Categóricamente, dijo Glanton.

Pues le juro que puedo demostrarlo.

Haga el favor de dirigirse a mí, dijo el juez. Represento al capitán Glanton en todos los asuntos legales. Creo que debería usted saber en primer lugar que el capitán no piensa permitir que le llamen embustero y yo me lo pensaría dos veces antes de habérmelas con él por un asunto de honor. En segundo lugar he estado todo el día con el capitán y le aseguro que ni él ni ninguno de sus hombres han puesto el pie en ese local al que usted alude.

El teniente pareció perplejo ante lo escueto de aquellas negativas. Miró al juez y luego a Glanton y de nuevo al juez. Que me aspen, dijo. Luego dio media vuelta y se abrió paso entre los hombres.

Glanton inclinó su silla y apoyó la espalda en la pared. Había reclutado a dos hombres de entre los indigentes del pueblo, una pareja nada prometedora que ahora miraba boquiabierta desde un extremo del banco con los sombreros en la mano. La mirada de Glanton pasó sobre ellos para posarse en el dueño del imbécil que estaba sentado en un aparte y le observaba.

¿Tú bebes?, dijo Glanton.

¿Por qué lo pregunta?

Glanton sacó el aire despacio por la nariz.

Sí, dijo el propietario. Bebo.

Sobre la mesa había un balde colectivo de madera con un cazo de hojalata dentro y estaba lleno en una tercera parte de whisky de carretero sacado de un tonel. Glanton señaló hacia allí con la cabeza.

Yo no pienso acercártelo.

El propietario del idiota se levantó y cogió su vaso y se aproximó a la mesa. Agarró el cazo y llenó el vaso y devolvió el cazo al balde. Hizo un gesto y levantó el vaso y bebió hasta apurarlo.

Se agradece.

¿Dónde está tu mono?

El hombre miró al juez. Miró de nuevo a Glanton. No lo llevo mucho de paseo.

¿De dónde lo sacaste?

Me lo regalaron. Mamá se murió. No había nadie que cuidara de él. A mí me lo enviaron. Desde Joplin, Misuri. Lo metieron en una caja y lo facturaron. Tardó cinco semanas en llegar. Y él ni se inmutó. Abrí la caja y allí estaba.

Toma otro trago.

El hombre cogió el cazo y se sirvió de nuevo.

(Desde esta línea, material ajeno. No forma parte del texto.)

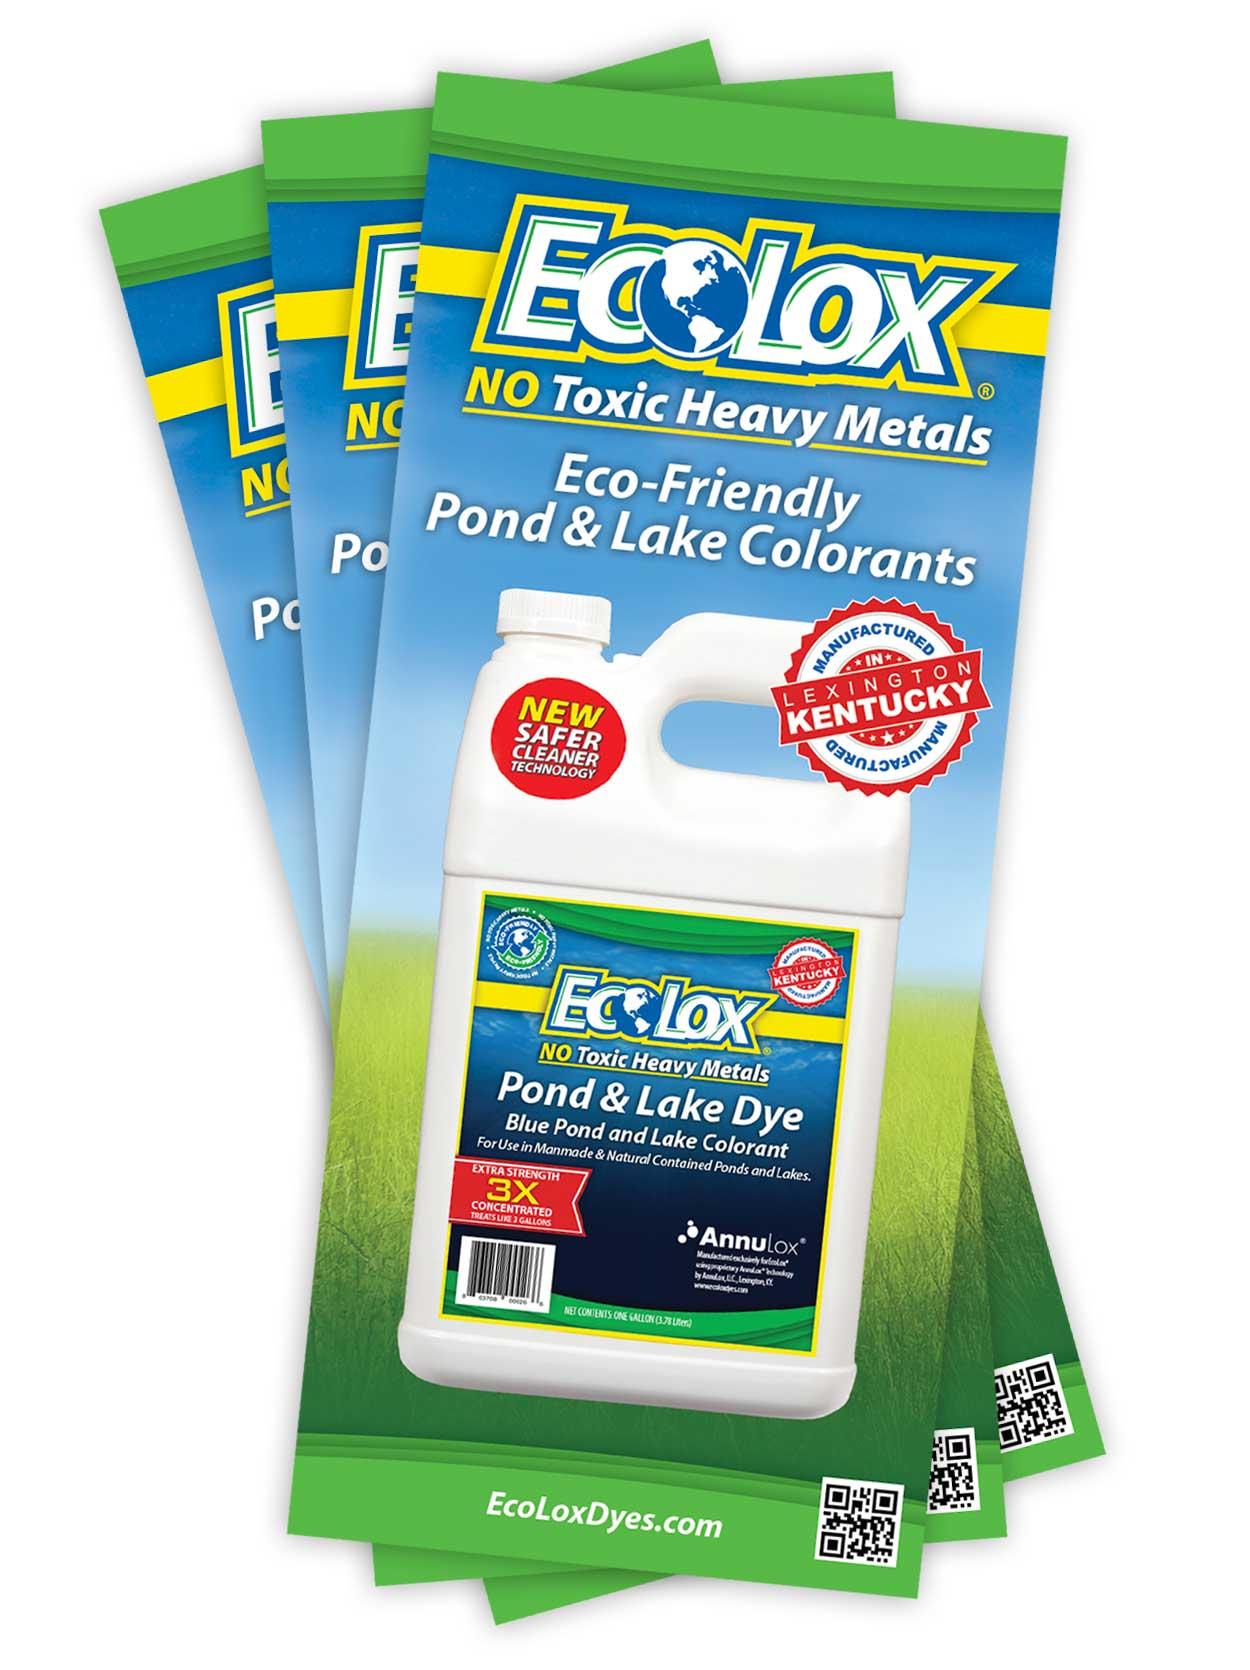 EcoLox Dyes Brochure - Print Design

Palabra. Como si tal cosa. Encargué que le hicieran un traje de pelo pero se lo comió.

A ese memo lo habrá visto ya todo el pueblo…

Sí. Ahí está. Necesito ir a California. Podría cobrar cincuenta centavos por exhibirlo.

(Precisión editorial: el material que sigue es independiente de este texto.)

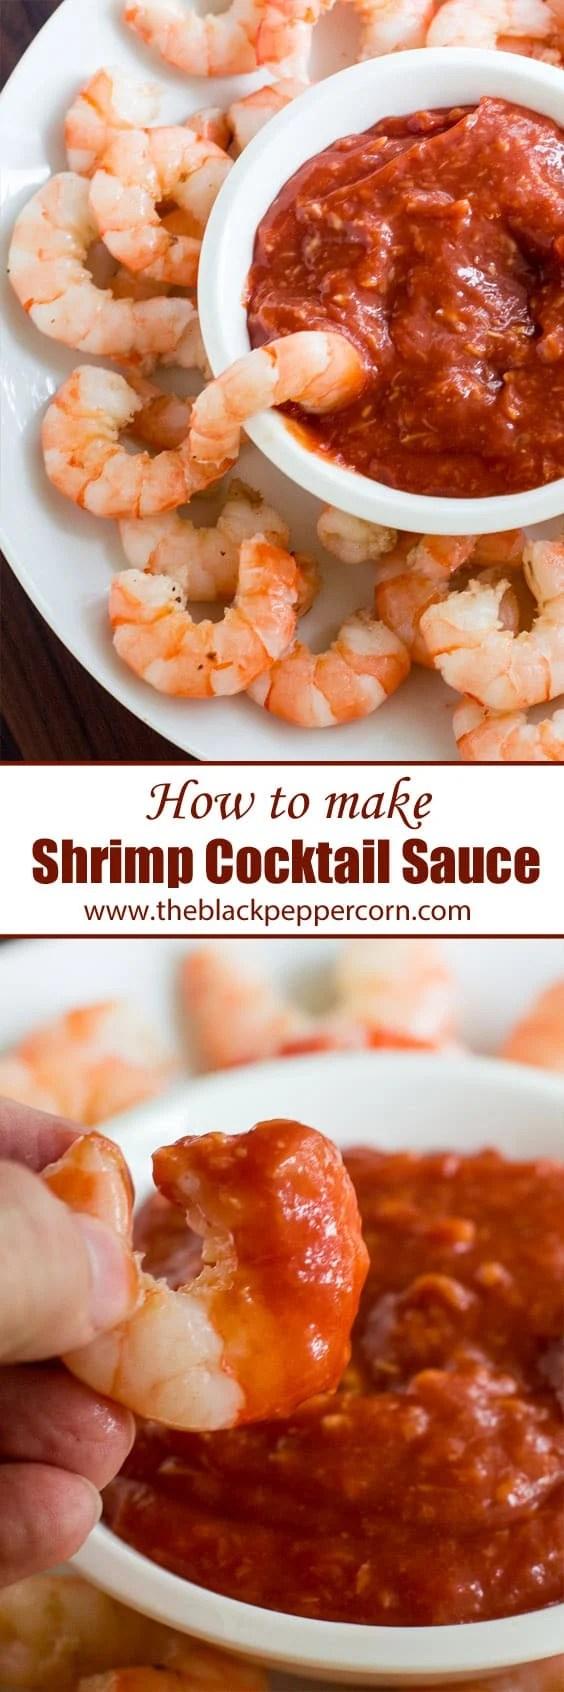 Shrimp Cocktail Sauce Recipe Seafood Easy Classic

Y también puede ser que te unten de brea y te emplumen.

Ya me pasó una vez. En Arkansas. Decían que le había dado algo. Que lo había drogado. Lo sacaron de la jaula y esperaron a que se pusiera mejor pero naturalmente no fue así. Hicieron venir a un predicador expresamente para que rezase por él. Al final me lo devolvieron. De no ser por él yo habría llegado a ser alguien importante.

Si no he entendido mal, dijo el juez, el imbécil es hermano tuyo.

Sí señor, dijo el hombre. Es la pura verdad.

El juez alargó el brazo y agarró la cabeza del hombre entre sus manos y se puso a examinarla. Los ojos del otro iban de acá para allá y se había agarrado a las muñecas del juez. El juez le sujetaba la cabeza con su mano inmensa como un peligroso curandero. El hombre se puso de puntillas quizá para acomodarse mejor a las investigaciones del juez y cuando este le soltó dio un paso atrás y miró a Glanton con unos ojos que se veían blancos en la penumbra. Los nuevos lo observaban todo con la boca abierta y el juez miró al hombre con un ojo entornado y lo estudió a fondo y volvió a agarrarle la cabeza, sosteniéndole la frente mientras con la parte carnosa del pulgar le sondeaba la nuca. Cuando el juez se dio por satisfecho el hombre retrocedió un paso y cayó encima del banco y los reclutas empezaron a menearse y a resoplar y crocitar. El propietario del idiota miró a su alrededor, deteniéndose en cada rostro como si no le bastara con uno. Se puso de pie y fue hacia el extremo del banco. Cuando estaba a medio cruzar la habitación el juez le llamó.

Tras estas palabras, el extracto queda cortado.